VitroGel® ORGANOID Unlocks Precision High-Throughput Drug Screening Insights in Ovarian Cancer

VitroGel® ORGANOID empowered breakthrough single-cell pharmacotranscriptomic profiling by enabling robust, patient-specific cancer organoid models for drug discovery and resistance analysis.

Hydrogel:
VitroGel® ORGANOID-4 (Cat. No: VHM04-4)

In this study, Dini et al. present a high-throughput pharmacotranscriptomic pipeline utilizing live-cell barcoding and single-cell RNA sequencing (scRNA-Seq) to analyze drug response mechanisms and resistance pathways in high-grade serous ovarian cancer (HGSOC). By leveraging patient-derived cells, the research reveals tumor heterogeneity and identifies adaptive feedback loops that contribute to drug resistance.

VitroGel® ORGANOID played a crucial role in establishing and maintaining 3D cultures of patient-derived tumor cells. The hydrogel provided a biofunctional matrix that supported the growth, phenotypic stability, and viability of cancer organoids, ensuring a physiologically relevant environment for drug response studies. This stable culture system was essential for enabling multiplexed scRNA-Seq workflows, facilitating efficient live-cell barcoding, and high-resolution transcriptional profiling.
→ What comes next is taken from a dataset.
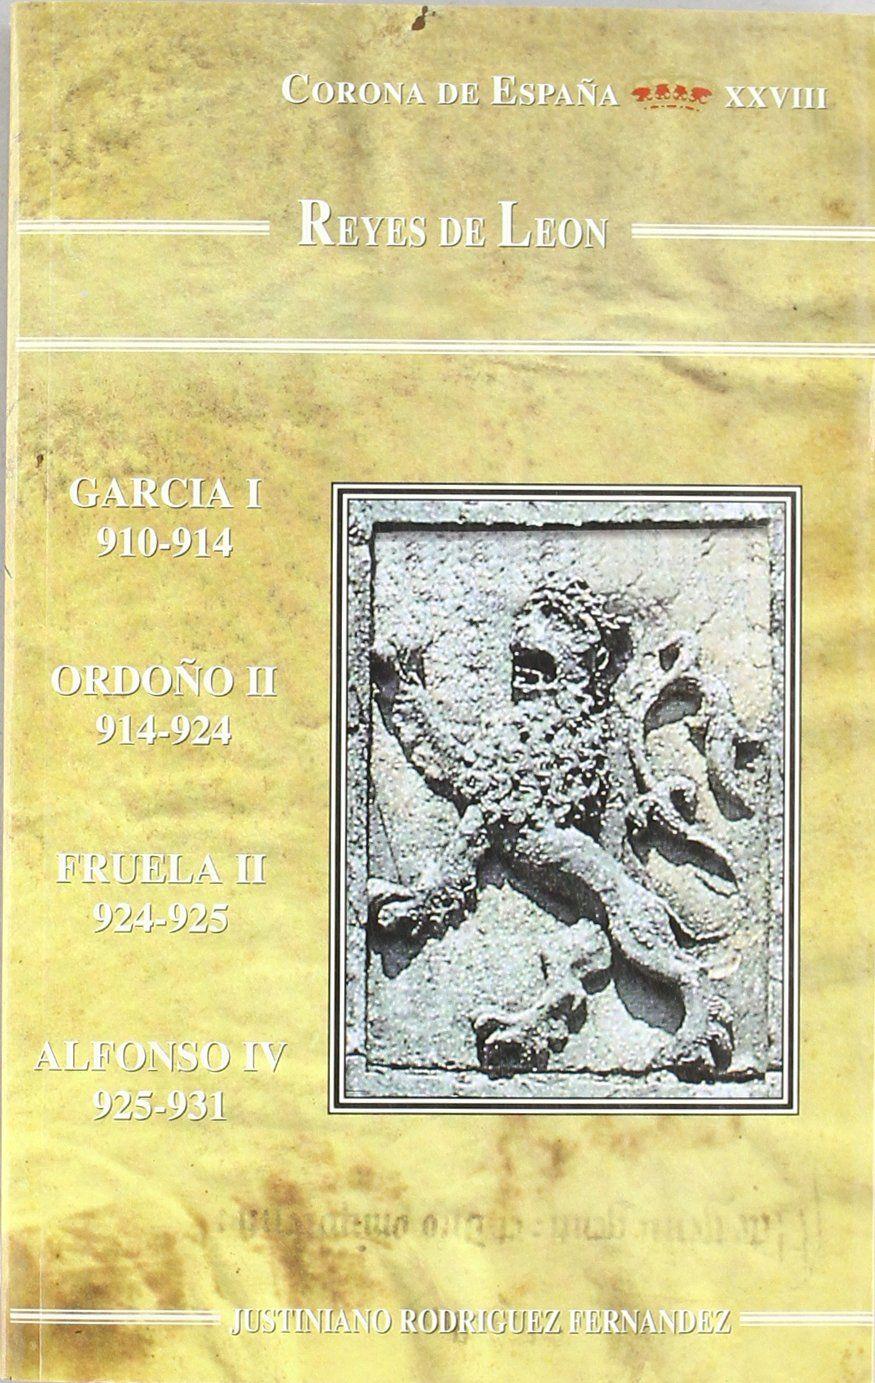 Reyes de León : García, Ordoño II, Fruela I, Alfonso IV Book Cover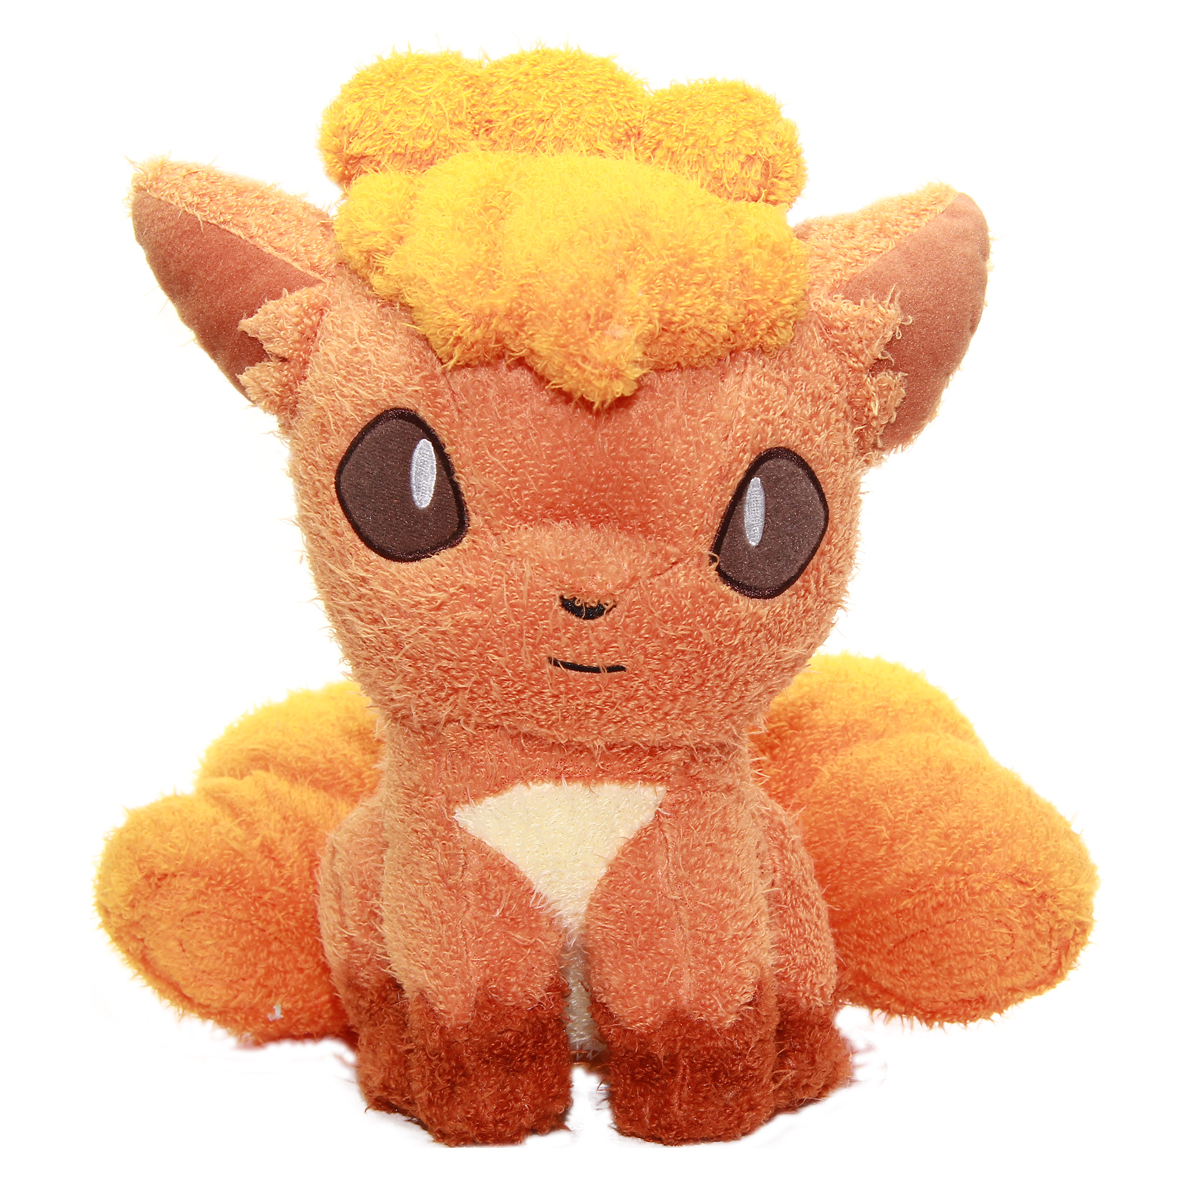 Pokemon Spirits Fuzzy Sitting Vulpix Plush Doll 10 Inches Banpresto

By culturing HGSOC organoids in VitroGel®, the study uncovered resistance mechanisms, such as the upregulation of receptor tyrosine kinases (RTKs) and caveolin-1 (CAV1) in response to PI3K–AKT–mTOR inhibitors. These findings enabled the identification of potential synergistic drug combinations to overcome resistance.

Overall, the integration of VitroGel® ORGANOID into this cutting-edge pharmacotranscriptomic platform underscores its value in precision medicine and drug discovery. Its ability to sustain complex tumor models and support high-throughput single-cell analyses highlights its transformative potential for advancing cancer research.